Blackstone now boasts $20 billion in lab office holdings, up from virtually zero seven years ago. According to Meghji, it’s just getting started: BioMed plans to not just keep acquiring existing labs, but to build new ones in all of its five sweet spots.
The showbiz big time
Blackstone first arrived in Hollywood in 2017, when it bought a group of office towers in Burbank anchored by Disney and Warner Bros. But once again, it saw richer potential in workspaces that incorporated something special, whose proximity would make the buildings where the producers, writers, and executives worked rarer and more valuable. So in June 2020, it unveiled that it was purchasing that 49% stake in the complex on Sunset Boulevard from REIT Hudson Pacific Properties (HPP).
The complex encompasses three major studios—Sunset Bronson, Las Palmas, and Sunset Gower—featuring multiple soundstages and 1.2 million square feet of production space, along with one million feet of adjacent offices. As in life sciences, location is crucial: L.A. is the global capital of the film and TV industries, generating 50% of its U.S. wages and hosting half the soundstages in the U.S. and Canada. Netflix, for example, does a significant portion of its domestic shooting in L.A., much of it at the studios now co-owned by Blackstone.
When Blackstone clinched the deal, the studios were dark in the midst of the pandemic, and the offices mainly empty. But now production is roaring again, with as many as 10 shows filming at the same time in a single studio.
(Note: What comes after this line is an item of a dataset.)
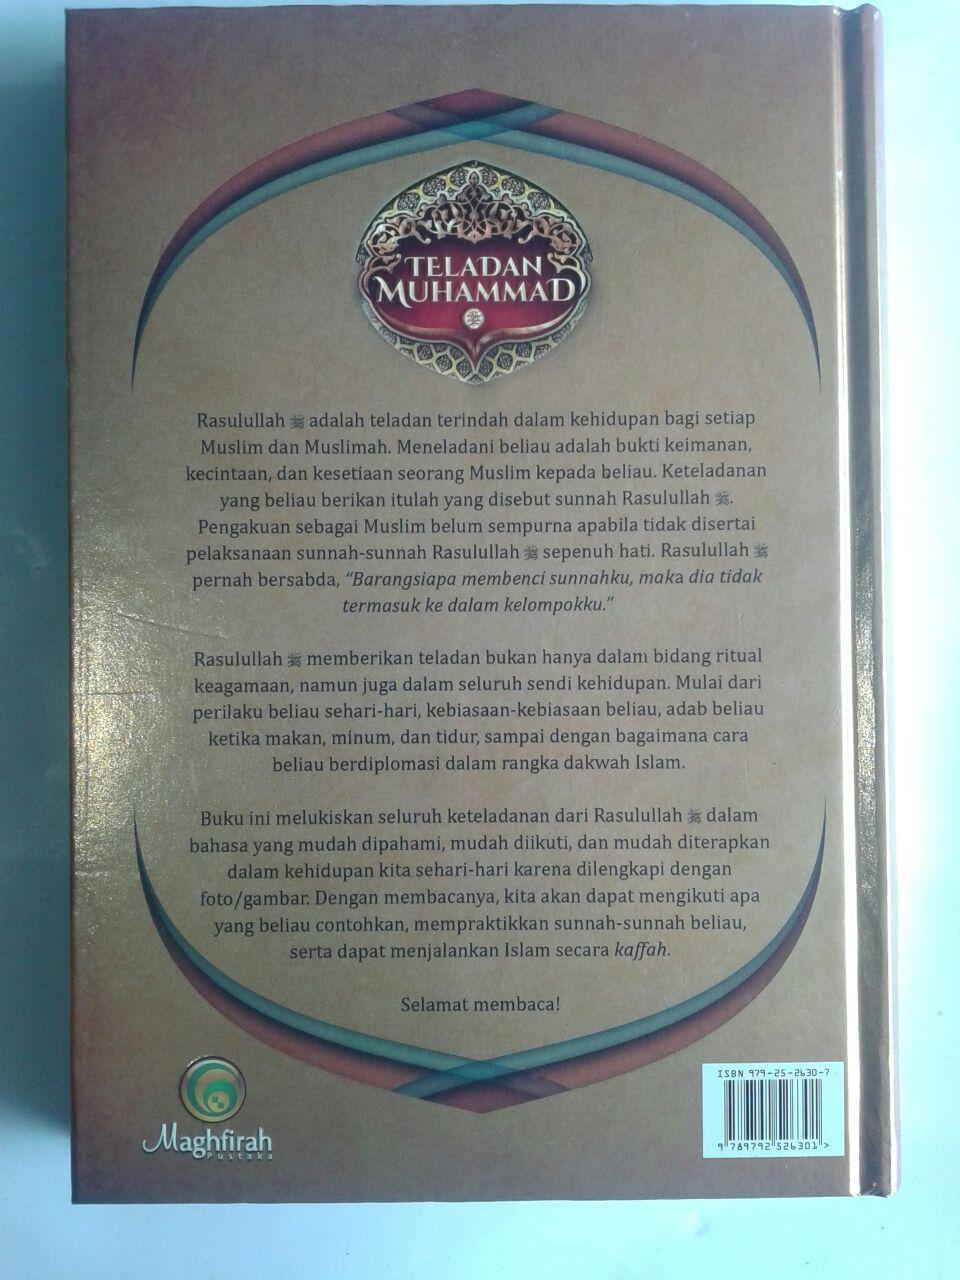 Buku Teladan Muhammad Belajar Langsung Dari Rasulullah cover

Spending on new shows, which for the top seven studios increased 77% in the past three years, is growing even faster as the series in limbo ramp up. Meghji emphasizes that the Blackstone-HPP co-owners are more than mere landlords. “We act as concierges for the movie and streaming studios,” he says. “We arrange for the lighting, sound, trailers, and most other equipment, as well as for the stage managers and catering. It’s not just about being an owner, it’s about running an operating platform that’s essential to creating the content.”
Fire up the klieg lights: Blackstone has landed an action hero role in America’s dream factory.